Northern mosquito orchid

Scientific classification
- Kingdom: Plantae
- Clade: Tracheophytes
- Clade: Angiosperms
- Clade: Monocots
- Order: Asparagales
- Family: Orchidaceae
- Subfamily: Orchidoideae
- Tribe: Diurideae
- Genus: Acianthus
- Species: A. borealis
- Binomial name: Acianthus borealis D.L.Jones
- Synonyms: Acianthus fornicatus R.Br.

= Acianthus borealis =

- Genus: Acianthus
- Species: borealis
- Authority: D.L.Jones
- Synonyms: Acianthus fornicatus R.Br.

Species of flowering plant

Acianthus borealis, commonly known as northern mosquito orchid, is a species of flowering plant in the orchid family Orchidaceae and is endemic to Queensland in Australia. It is a glabrous, terrestrial herb with a single, heart-shaped leaf and between two and twenty transparent pinkish flowers with reddish markings and is widely distributed on the eastern tablelands.

==Description==
Acianthus borealis is a terrestrial, perennial, deciduous, sympodial herb with a single heart-shaped, glabrous, dark green leaf which is reddish-purple on its lower surface and often has a wavy margin. It forms spreading colonies and each plant has two fleshy tubers. The leaf is 15-50 mm long, 15-35 mm wide, with its edges sometimes slightly wavy.

There are between two and twenty flowers, crowded on a thin raceme up to 25 cm tall, each flower 8.5-10 mm long. The dorsal sepal is egg-shaped, 9-10 mm long, 3.5-4.5 mm wide, forms a hood over the labellum and has three prominent, red veins. The central vein projects forward to a point 2-3.5 mm long at the front of the flower. The lateral sepals are 8-9 mm long, about 1 mm wide, project forwards below the labellum, sometimes crossed, sometimes parallel. The petals are about 2.5-5 mm long, about 1 mm wide, lance-shaped and pointed. The labellum is reddish with a serrated, purplish edge, 5-6 mm long, 2.5-3 mm wide and narrow oblong in shape. The callus is green, covers most of the labellum and has many pimply papillae near its end. The column is 3 mm long and widest at its base. Flowering occurs between March and May and the capsule that follows is 11-13 mm long, 2.5 mm wide, oval shaped and has red lines on its ribs.

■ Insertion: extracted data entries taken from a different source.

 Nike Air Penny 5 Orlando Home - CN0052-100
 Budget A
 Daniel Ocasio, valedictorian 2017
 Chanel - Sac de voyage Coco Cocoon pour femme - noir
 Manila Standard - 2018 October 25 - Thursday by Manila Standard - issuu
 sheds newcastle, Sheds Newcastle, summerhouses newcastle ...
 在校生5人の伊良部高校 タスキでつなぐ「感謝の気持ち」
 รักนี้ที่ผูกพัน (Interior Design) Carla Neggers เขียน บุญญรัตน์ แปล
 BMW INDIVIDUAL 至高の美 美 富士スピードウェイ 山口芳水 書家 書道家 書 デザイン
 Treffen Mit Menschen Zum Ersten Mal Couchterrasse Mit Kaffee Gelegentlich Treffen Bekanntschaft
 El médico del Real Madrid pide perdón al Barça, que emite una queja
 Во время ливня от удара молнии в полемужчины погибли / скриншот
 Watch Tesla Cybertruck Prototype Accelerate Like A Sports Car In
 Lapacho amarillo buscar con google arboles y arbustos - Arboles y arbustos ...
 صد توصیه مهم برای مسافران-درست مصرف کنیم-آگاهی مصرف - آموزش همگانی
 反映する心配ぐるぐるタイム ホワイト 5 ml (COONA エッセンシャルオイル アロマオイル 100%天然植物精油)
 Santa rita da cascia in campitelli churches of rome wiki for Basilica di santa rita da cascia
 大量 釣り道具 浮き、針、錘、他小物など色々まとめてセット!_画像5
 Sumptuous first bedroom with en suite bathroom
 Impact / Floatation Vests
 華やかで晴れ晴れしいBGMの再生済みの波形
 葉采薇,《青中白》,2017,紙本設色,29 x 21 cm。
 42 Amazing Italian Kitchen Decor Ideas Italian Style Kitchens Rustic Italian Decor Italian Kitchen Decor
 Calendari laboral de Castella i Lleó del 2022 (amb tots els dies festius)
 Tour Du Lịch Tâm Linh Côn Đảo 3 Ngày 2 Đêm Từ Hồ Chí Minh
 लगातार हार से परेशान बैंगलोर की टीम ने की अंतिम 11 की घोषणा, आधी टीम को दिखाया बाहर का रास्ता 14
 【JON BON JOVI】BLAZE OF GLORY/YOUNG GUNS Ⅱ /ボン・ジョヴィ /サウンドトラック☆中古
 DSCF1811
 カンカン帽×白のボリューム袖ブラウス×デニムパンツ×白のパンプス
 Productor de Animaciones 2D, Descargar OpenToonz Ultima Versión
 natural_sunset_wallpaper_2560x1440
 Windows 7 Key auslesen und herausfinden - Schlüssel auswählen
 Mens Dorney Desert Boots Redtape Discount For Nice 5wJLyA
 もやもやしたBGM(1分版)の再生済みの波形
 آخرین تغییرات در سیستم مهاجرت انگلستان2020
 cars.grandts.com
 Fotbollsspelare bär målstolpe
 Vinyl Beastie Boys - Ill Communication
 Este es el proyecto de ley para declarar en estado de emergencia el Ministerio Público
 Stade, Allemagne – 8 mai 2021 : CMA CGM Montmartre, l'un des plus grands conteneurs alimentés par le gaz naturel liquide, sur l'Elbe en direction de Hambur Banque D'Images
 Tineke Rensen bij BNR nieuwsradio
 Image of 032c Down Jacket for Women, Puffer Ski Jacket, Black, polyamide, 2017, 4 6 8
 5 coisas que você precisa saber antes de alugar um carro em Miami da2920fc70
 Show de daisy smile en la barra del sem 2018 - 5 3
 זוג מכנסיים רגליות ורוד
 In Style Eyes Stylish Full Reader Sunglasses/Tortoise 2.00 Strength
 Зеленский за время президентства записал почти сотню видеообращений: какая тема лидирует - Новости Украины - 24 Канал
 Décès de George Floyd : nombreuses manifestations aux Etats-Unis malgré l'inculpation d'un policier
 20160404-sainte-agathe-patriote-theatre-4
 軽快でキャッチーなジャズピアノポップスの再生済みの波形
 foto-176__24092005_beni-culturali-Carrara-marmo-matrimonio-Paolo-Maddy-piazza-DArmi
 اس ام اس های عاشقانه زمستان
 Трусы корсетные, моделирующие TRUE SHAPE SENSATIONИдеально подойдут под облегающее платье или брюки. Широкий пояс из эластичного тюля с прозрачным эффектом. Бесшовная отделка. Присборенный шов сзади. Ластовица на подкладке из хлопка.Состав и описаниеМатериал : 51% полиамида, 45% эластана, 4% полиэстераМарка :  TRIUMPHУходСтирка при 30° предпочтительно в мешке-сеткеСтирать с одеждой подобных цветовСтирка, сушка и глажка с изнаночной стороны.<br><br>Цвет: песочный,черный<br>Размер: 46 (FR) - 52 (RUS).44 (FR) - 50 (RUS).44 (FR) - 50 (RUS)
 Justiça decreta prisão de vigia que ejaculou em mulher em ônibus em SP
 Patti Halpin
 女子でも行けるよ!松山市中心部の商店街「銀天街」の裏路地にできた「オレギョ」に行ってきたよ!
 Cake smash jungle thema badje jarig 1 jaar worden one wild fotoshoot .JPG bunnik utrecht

This species is distinguished from the similar Acianthus fornicatus by smaller flowers, narrower dorsal sepal, narrower petals and much more northerly distribution.

==Taxonomy and naming==
Acianthus borealis was first formally described by David Jones in 1991 and the description was published in Australian Orchid Research from specimens found near Herberton on the Atherton Tableland. The specific epithet (borealis) is from the Latin borealis (northern). This species has the most northerly distribution in the Acianthus fornicatus alliance in Australia. In a 1995 paper published in the journal Allertonia, Paul Kores claimed that A. borealis and 3 other species are not distinct from A. fornicatus and should be regarded as a synonyms. That position has been adopted by Plants of the World Online.

==Distribution and habitat==
This orchid grows on sheltered ridges and slopes in forest and woodland at altitudes between 400 and 800 m, often in sandy soil near boulders where it forms dense, clonal colonies. It is found on tablelands from the Windsor Tableland in the north-east to the Blackdown Tableland in the central east.

==Ecology==
The leaf of this orchid appears near the end of the wet season. The small purplish flowers last from four days to a week, resemble mosquitoes and are insect-pollinated. The aerial parts of the plants die down as warm weather returns.

==Conservation==
This orchid is widespread and locally common with its populations often occurring in national parks.